6 Minuten

Zitierangaben: Vergabeblog.de vom 18/03/2014 Nr. 18603

Achtung: Fallstrick für präqualifizierte Unternehmen mit VOB- und VOL-Leistungsspektrum

ParagraphZwei Entscheidungen der Vergabekammern Sachsen-Anhalt (Beschl. 2 VK LSA 02/13 v. 16.05.2013) und Südbayern (Beschl. Z 3 – 3 – 3194 – 138 – 10 /13 v. 05.12.2013) hatten über eine in der Praxis nicht seltene Fallkonstellation zu entscheiden, die präqualifizierten Unternehmen trotz guter Vorbereitung auf ihre Eignungsprüfung das Aus im Vergabeverfahren bescherten: In beiden Fällen hatten sich Unternehmen für eine nach VOB bekannt gemachte Ausschreibung mit einer Präqualifikationsurkunde beworben, die überwiegend für Liefer- und Dienstleistungen ausgestellt war.
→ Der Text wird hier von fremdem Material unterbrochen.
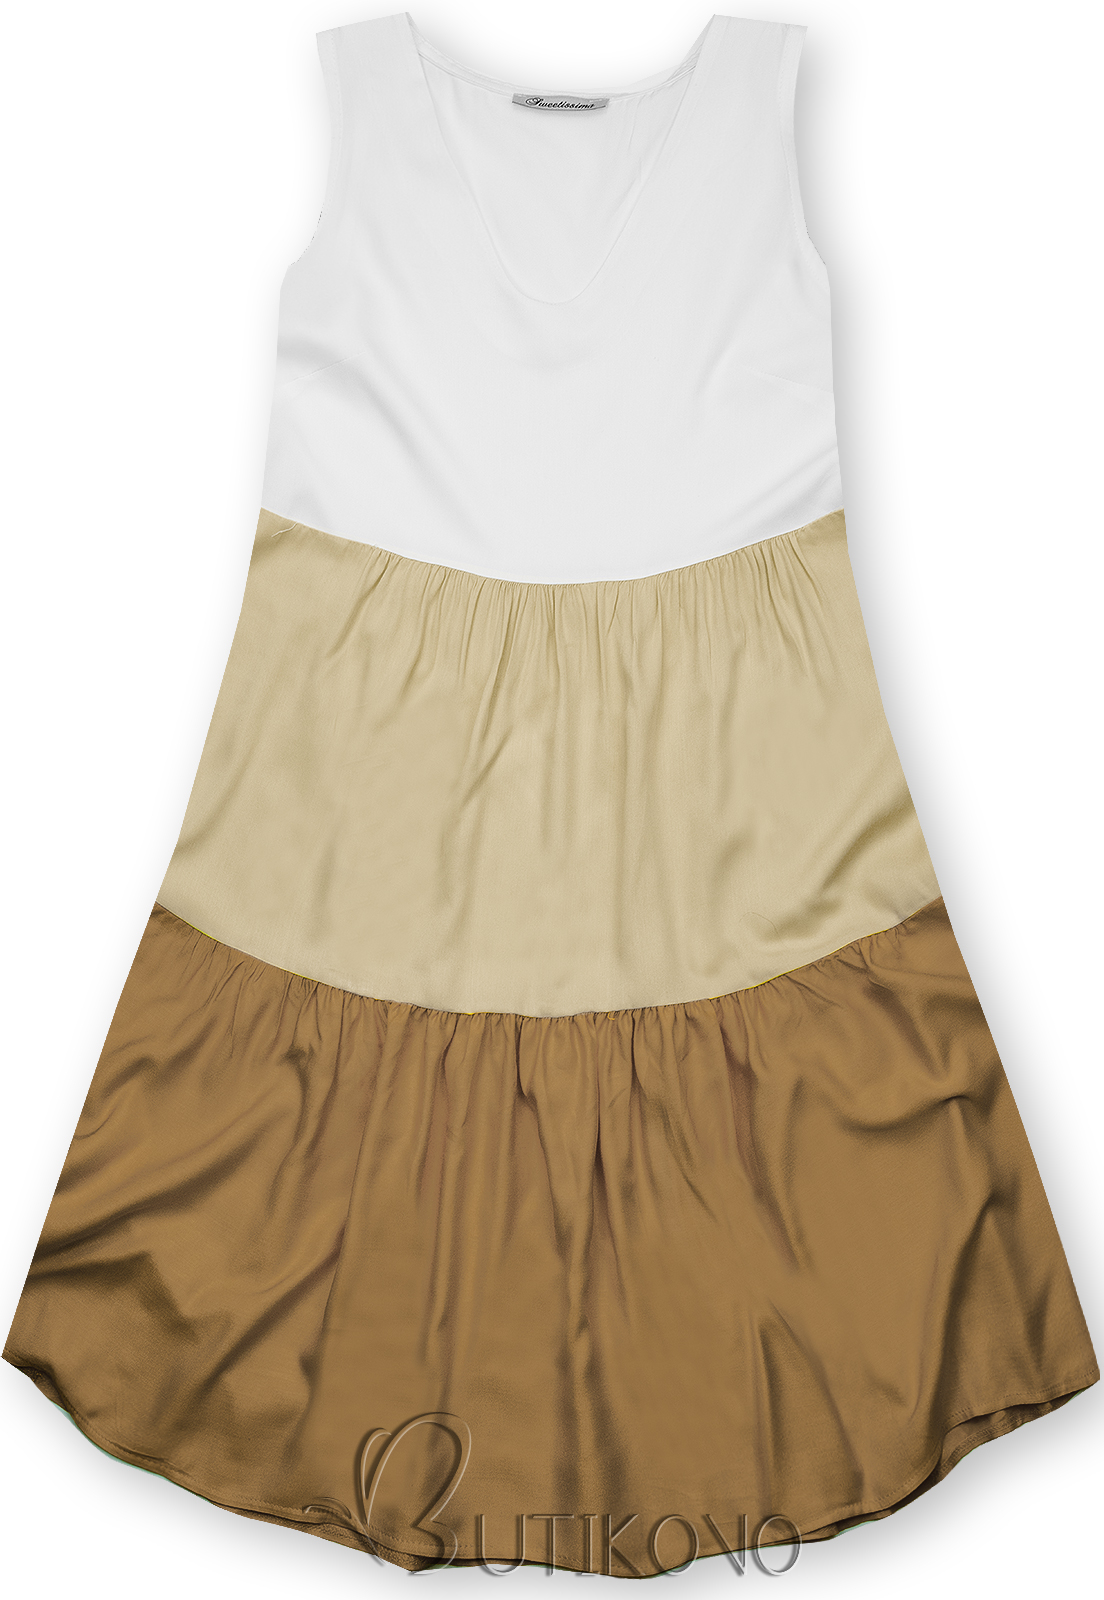 Letné šaty z viskózy biela/béžová/hnedá

In beiden Entscheidungen der Vergabekammern wird ein Nachfordern der Eignungsnachweise abgelehnt, da die Unterlagen nicht fehlten sondern als „fehlerhaft“ betrachtet wurden.

In der Regel entscheidet der öffentliche Auftraggeber mit der Festlegung des Leistungsgegenstands, ob das Verfahren nach VOB oder VOL läuft. Sich bewerbende Unternehmen haben daraufhin die entsprechenden Nachweise einzureichen, die ihre Eignung belegen. An dieser Stelle ist entsprechende Vorsicht geboten: Präqualifizierte Unternehmen, die mit ihrem Kerngeschäft sowohl Liefer- und Dienstleistungen als auch Bauleistungen erbringen, müssen darauf achten, ob die eingereichte Urkunde den gewählten Leistungsbereich abdeckt.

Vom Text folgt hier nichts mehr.